3.1. Clinical Characteristics of the Subjects

The study cohort consisted of 43 children with CF with a mean age of 10.8 (4.9) years old, with a 24/19 proportion of male and female subjects (Table 2). Most of the participants (21/43) had Class II CFTR mutations in both alleles, of which 19/43 presented F508del in homozygosis. The anthropometric nutritional status indicators were defined by mean z-scores for weight, height, and body mass index (BMI) as follows: −0.2 (0.9), −0.4 (1.6), and −0.1 (1.1), respectively. The pulmonary function was characterised by a mean FEV1 of 89.8% (20.0). All the subjects were pancreatic insufficient, with a mean daily PERT dose of 10145.6 (18827.6) lipase units (LU/kg). Treatment with CFTR modulator therapy (Ivacaftor) had started in five of the subjects, who presented the F508del mutation in homozygosis.

3.2. Dietary Assessment

The median of food intake described in terms of food groups, macronutrients, and type of dietary fibre is presented in Table 3.
Moving on to food groups, milk and dairy represented the highest group in the daily intake (212.5 g/day), followed by refined cereals (174.4), meat (83.3). fruit (67.5), sugar-added dairy (60.0), and snacks and sweets (60.0). Inversely, whole-grain cereals, nuts and eggs were the lowest consumed group.
The diet in this cohort was characterised by a macronutrient proportion of 37.5–43.9–14.0% of the total daily energy intake from carbohydrates, lipids, and protein, respectively. Simple carbohydrates represented 14.6%, while saturated fatty acids were 15.1%. Focusing on dietary fibre, a median amount of 10.6 g/day was registered; from it, 3.8 g/day corresponded to hemicellulose, 1.2 g/day to pectin, 2.7 g/day to cellulose, and 1.2 g/day to lignin.

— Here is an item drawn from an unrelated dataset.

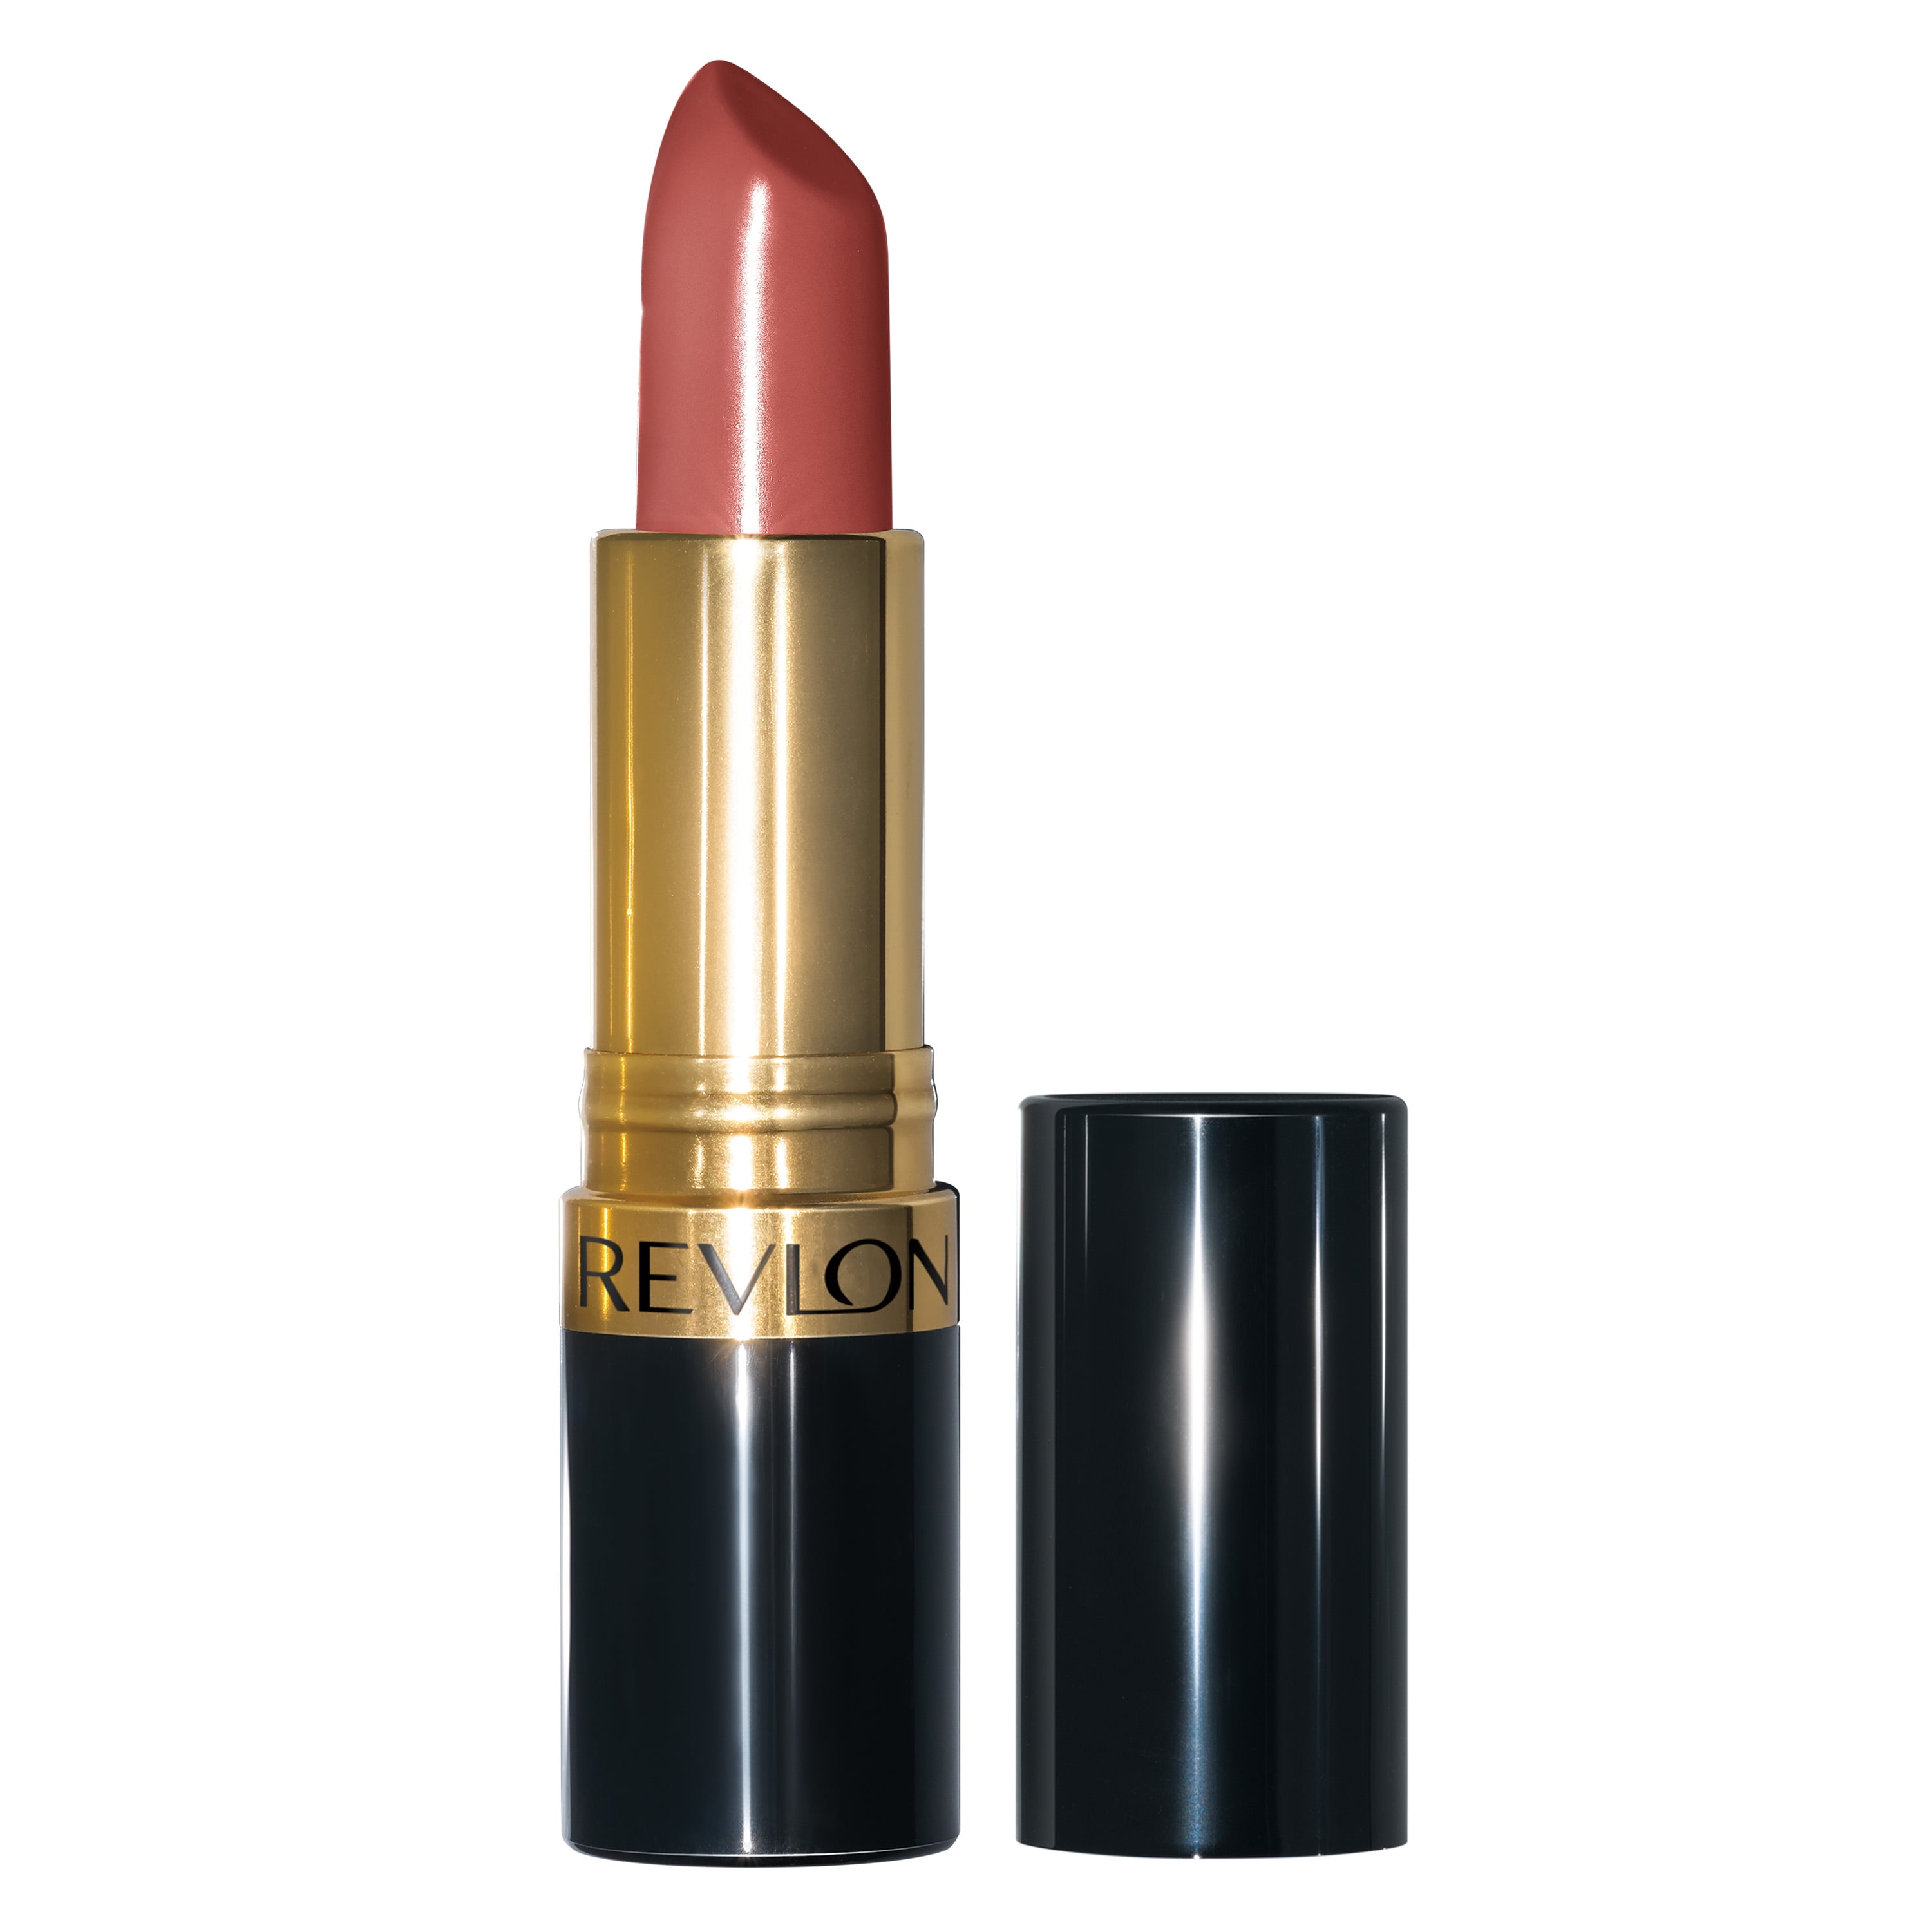 Revlon Super Lustrous Lipstick, Cream Finish, High Impact Lipcolor with Moisturizing Creamy Formula, Infused with Vitamin E and Avocado Oil, 325 Toast of New York, 0.15 oz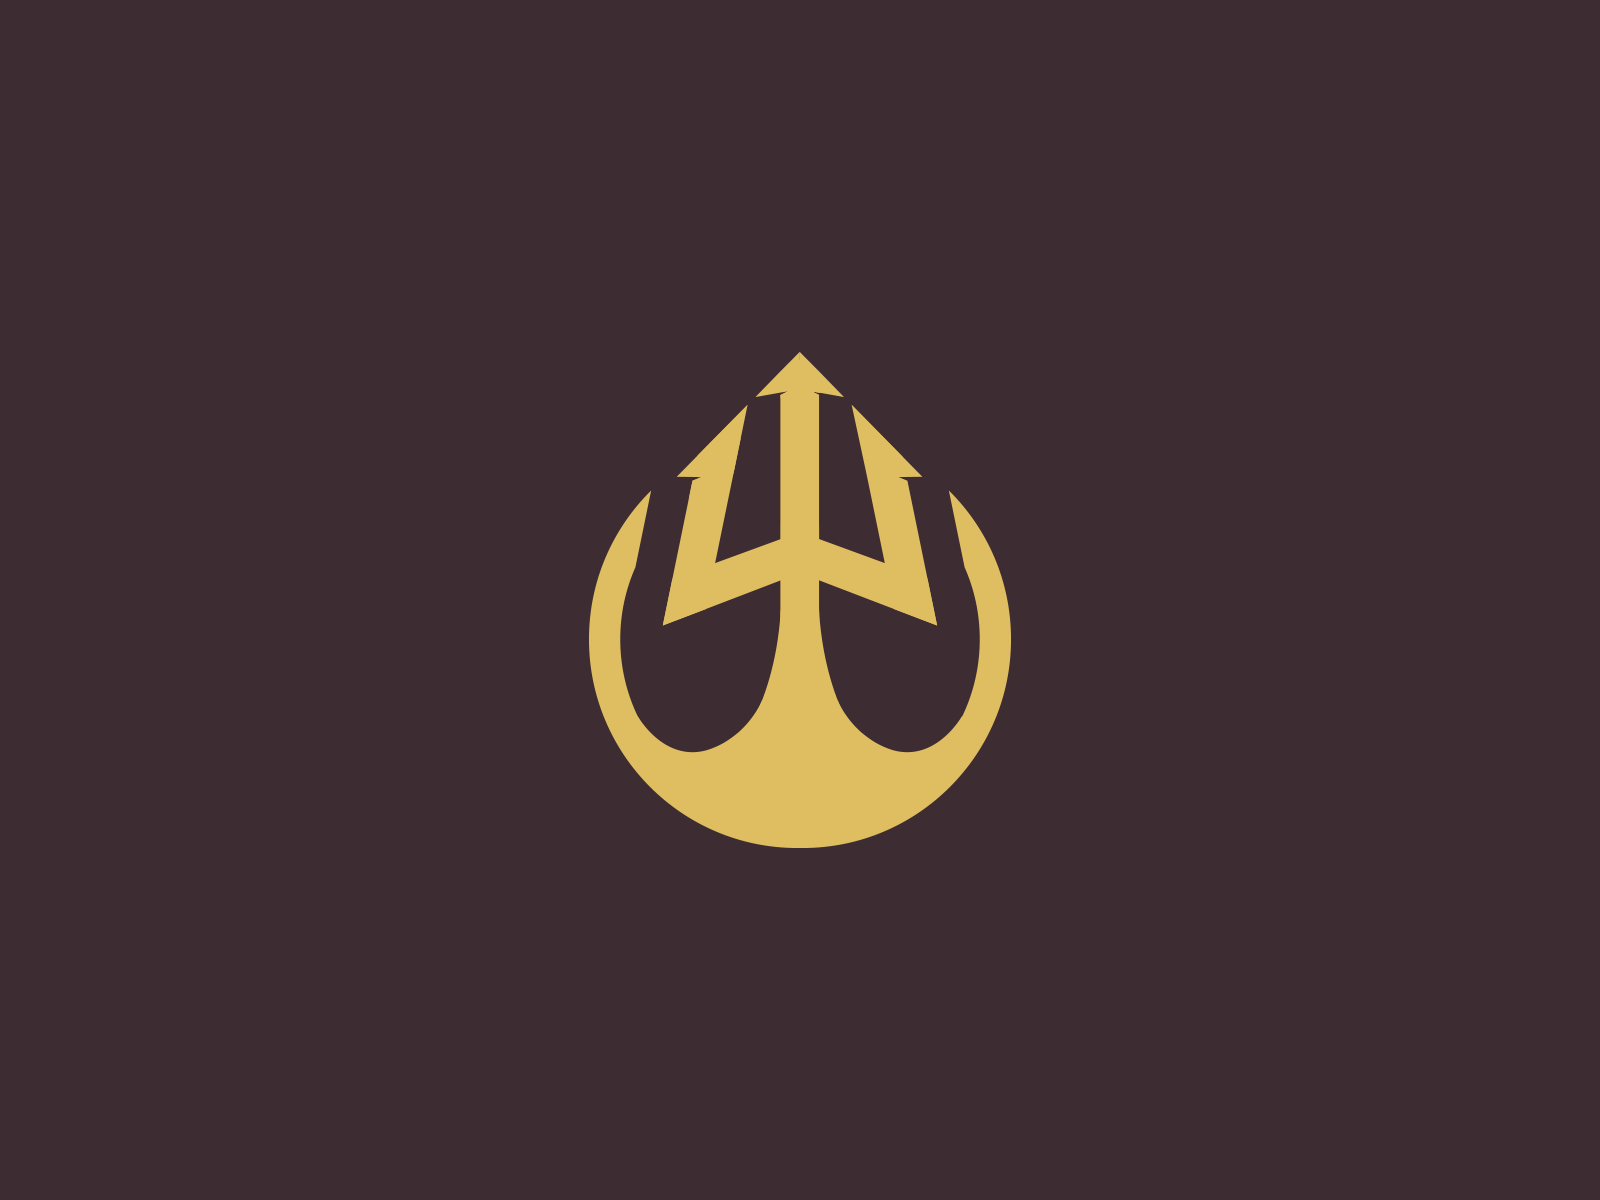 Trident script. Трезубец logo. Trident Design логотип. Эмблема трезубец Нептуна. Trident Design Британия логотип.

Considering the specific fibre intake guidelines for this age, the percentage of compliance with this recommendation was variable.
In addition to the descriptive overview, the contribution of the food groups to the intake of the different fibre types is presented in Figure 1. As observed, refined cereals were the group contributing the most to fibre intake, representing 3.2 g/day, followed by the group of pastries, with 1.9 g/day. Fruit, vegetables, and legumes accounted for 2.2, 1.8, and 1.3 g/day, respectively. Due to their low consumption, the groups showing the lowest contribution to fibre intake were nuts (0.6 g/day) and whole-grain cereals (0.9 g/day). In most of the food groups, pectin represented the lowest proportion, followed by lignin, while hemicellulose and cellulose were the majoritarian fibre types in the diet. Moving on to fibre intake by age, it was found to be as follows: 1–3 years, 4.7 g fibre/day; 4–6 years, 7.7 g fibre/day; 7–10 years, 9.9 g fibre/day; 11–14 years, 13.2 g fibre/day; 15–17 years, 22.3 g fibre/day; and ≥18 years, 8.3 g fibre/day. Only the group of 15–17-year-olds met the recommended intake (Table S2). Overall, compliance with the recommendations for macronutrients, energy, and fibre is represented in Figure 2.

3.3. Faecal Microbiota

The faecal microbiota was characterised by the majoritarian presence of the phylum Firmicutes, which represented 54.5% of the relative abundance. The sample was further characterised by a mean abundance of 32.0% of Proteobacteria, 9.6% of Actinobacteriota, 2.2% of Bacteroidota, and 0.5% of Verrucomicrobiota (Figure 3a). At the genus level (Figure 3b), Escherichia-Shigella was the most abundant (27.4%). Other genera in relatively high proportions were Streptococcus (7%), Blautia (6.1%), Bifidobacterium (6.1%), Veillonella (4.9%), Eubacterium hallii (4.0%), Clostridium sensu stricto (3.5%), and Subdoligranulum (2.5%). At the other end of the spectrum, Roseburia (0.3%), Lactobacillus (0.7%), and Faecalibacterium (1.2%) were found. When expressing the microbiota results as alpha diversity, the Shannon index and Chao-1 were found to be 5.3 (0.4) and 299.1 (95.8), respectively (Figure 3c).
When considering the individuals on CF modulator therapy separately (n = 5), no significant differences (p = 0.383) with the rest of the study group were detected in terms of diversity (Shannon index). However, some bacterial genera presented with significant differences (adjusted p-values) in relative abundance in this subset of patients. In particular, Bifidobacterium was lower in patients on CF modulators (mean 0.72% vs. 6.31%, p < 0.0001), along with Streptococcus (mean 1.75% vs. 7.53%), Clostridium sensu stricto 1 (0.43% vs. 3.75%), Eubacterium hallii group (0.27% vs. 4.06%), and Anaerostipes (0.26% vs. 1.56%) (p < 0.001) (Figure S1). In terms of phyla, the general profile at this taxonomic level did not show significant differences between children with CFTR modulator therapy and those without, except for Actinobacteriota, which was significantly lower in the modulator group (2.47% vs. 9.40%, p = 0.002).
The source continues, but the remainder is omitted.